DriveCamSim: Generalizable Camera Simulation via Explicit Camera Modeling for Autonomous Driving

Wenchao Sun; Xuewu Lin; Keyu Chen; Zixiang Pei; Yining Shi; Chuang Zhang; Sifa Zheng

arXiv:2505.19692·cs.CV·May 27, 2025

DriveCamSim: Generalizable Camera Simulation via Explicit Camera Modeling for Autonomous Driving

Wenchao Sun, Xuewu Lin, Keyu Chen, Zixiang Pei, Yining Shi, Chuang Zhang, Sifa Zheng

PDF

Open Access 1 Repo 3 Reviews

TL;DR

DriveCamSim introduces a generalizable camera simulation framework for autonomous driving that explicitly models camera parameters and maintains high visual quality, enabling flexible, controllable, and robust multi-view video generation.

Contribution

The paper proposes Explicit Camera Modeling (ECM) for decoupling camera configuration from the model, enhancing generalization and controllability in camera simulation for autonomous driving.

Findings

01

Superior visual quality and controllability demonstrated.

02

Effective generalization across camera parameters and frame rates.

03

Enhanced temporal consistency and identity-awareness.

Abstract

Camera sensor simulation serves as a critical role for autonomous driving (AD), e.g. evaluating vision-based AD algorithms.
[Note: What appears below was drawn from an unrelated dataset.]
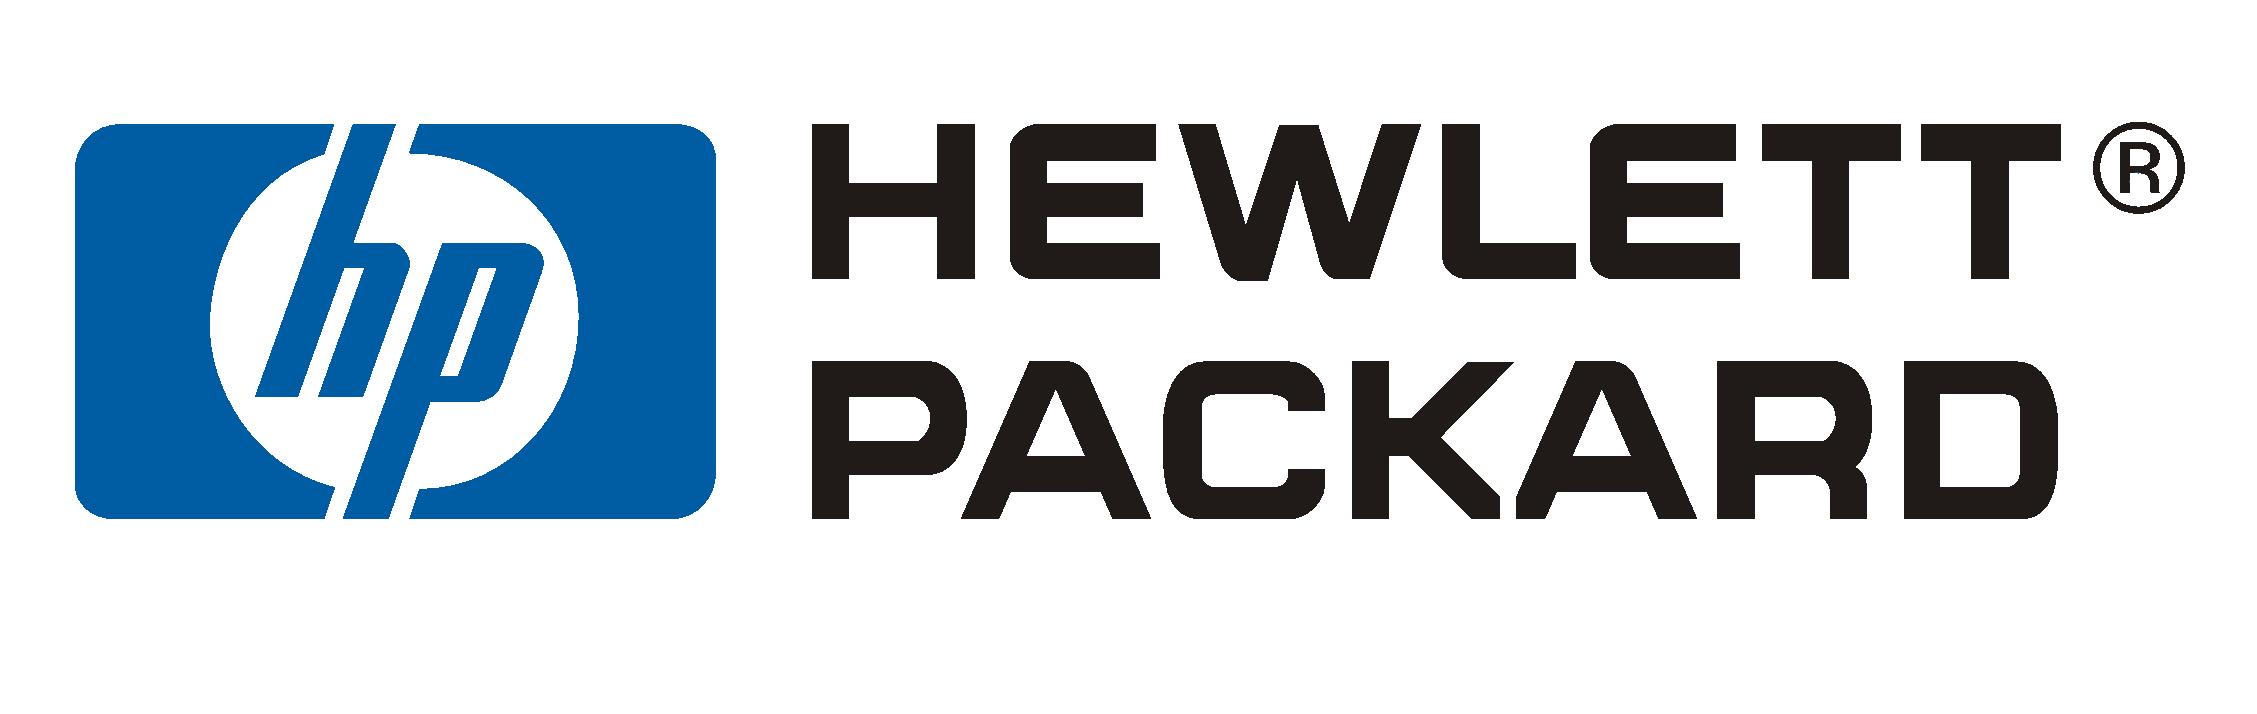 Hewlett-Packard Logo - HP Logo, Hewlett Packard Symbol Meaning, History And Evolution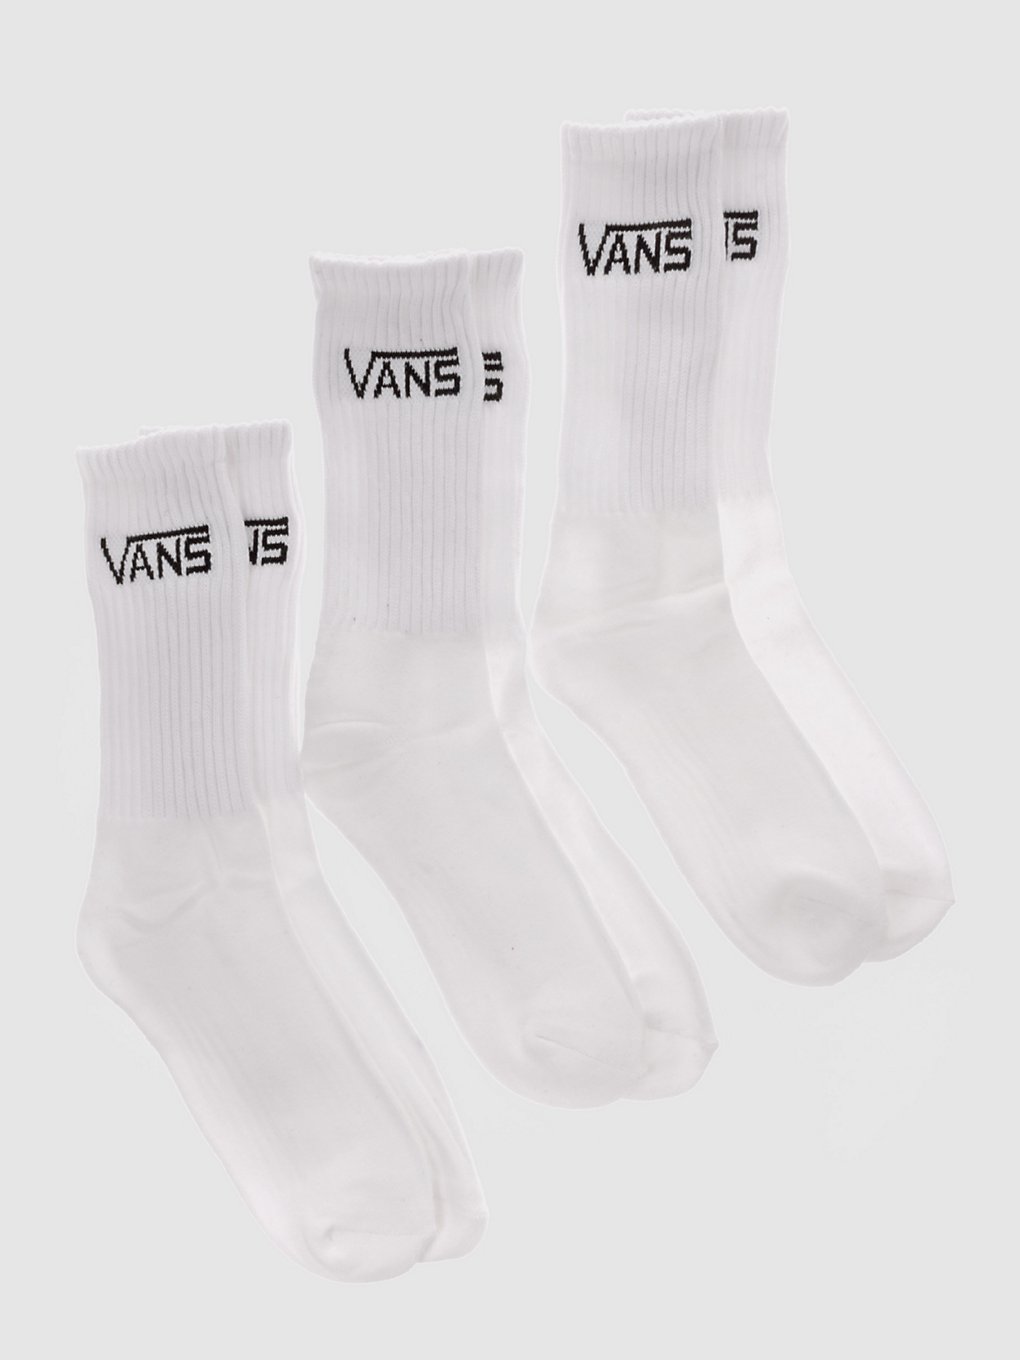 Vans Classic Crew (6.5-9) Socken white kaufen

While existing approaches have leveraged generative models for controllable image/video generation, they remain constrained to generating multi-view video sequences with fixed camera viewpoints and video frequency, significantly limiting their downstream applications. To address this, we present a generalizable camera simulation framework DriveCamSim, whose core innovation lies in the proposed Explicit Camera Modeling (ECM) mechanism. Instead of implicit interaction through vanilla attention, ECM establishes explicit pixel-wise correspondences across multi-view and multi-frame dimensions, decoupling the model from overfitting to the specific camera configurations (intrinsic/extrinsic parameters, number of views) and temporal sampling rates presented in the training…

Peer Reviews

Decision·Submitted to ICLR 2026

Reviewer 01Rating 6Confidence 4

Strengths

1. The proposed Explicit Camera Modeling (ECM) is a strong technical contribution that directly addresses a major limitation in prior work. Decoupling the model from fixed camera configurations is a well-motivated and crucial step toward creating truly flexible and practical AD simulators. And the qualitative result looks great. 2. Identity-aware embedding is inspiring, maintaining consistency for dynamic objects, which is a common failure point in generative models. 3. The qualitative and qua

Weaknesses

1. The proposed Explicit Camera Modeling enables the model to generalize to unseen parameters. Although there are qualitative experiments showing that the model outperforms previous methods in the generalization of camera configuration. It would be better if there are quantitative evaluations with modern feed-forward SFM models, showing that the generated image follows the desired camera parameters. 2. Ablation is an important part and should be included in the main paper. 3. The submission do

Reviewer 02Rating 4Confidence 4

Strengths

- A novel and compact explicit camera modeling mechanism is proposed. - Detailed visualization results are provided, offering valuable insights.

Weaknesses

- In Table 3, the perspective-based and attention-based control mechanisms are presented, but it is unclear which methods these mechanisms correspond to. - The novelty of the approach is not immediately apparent in the methods section, as it contains a lot of detailed explanations about handling different conditions.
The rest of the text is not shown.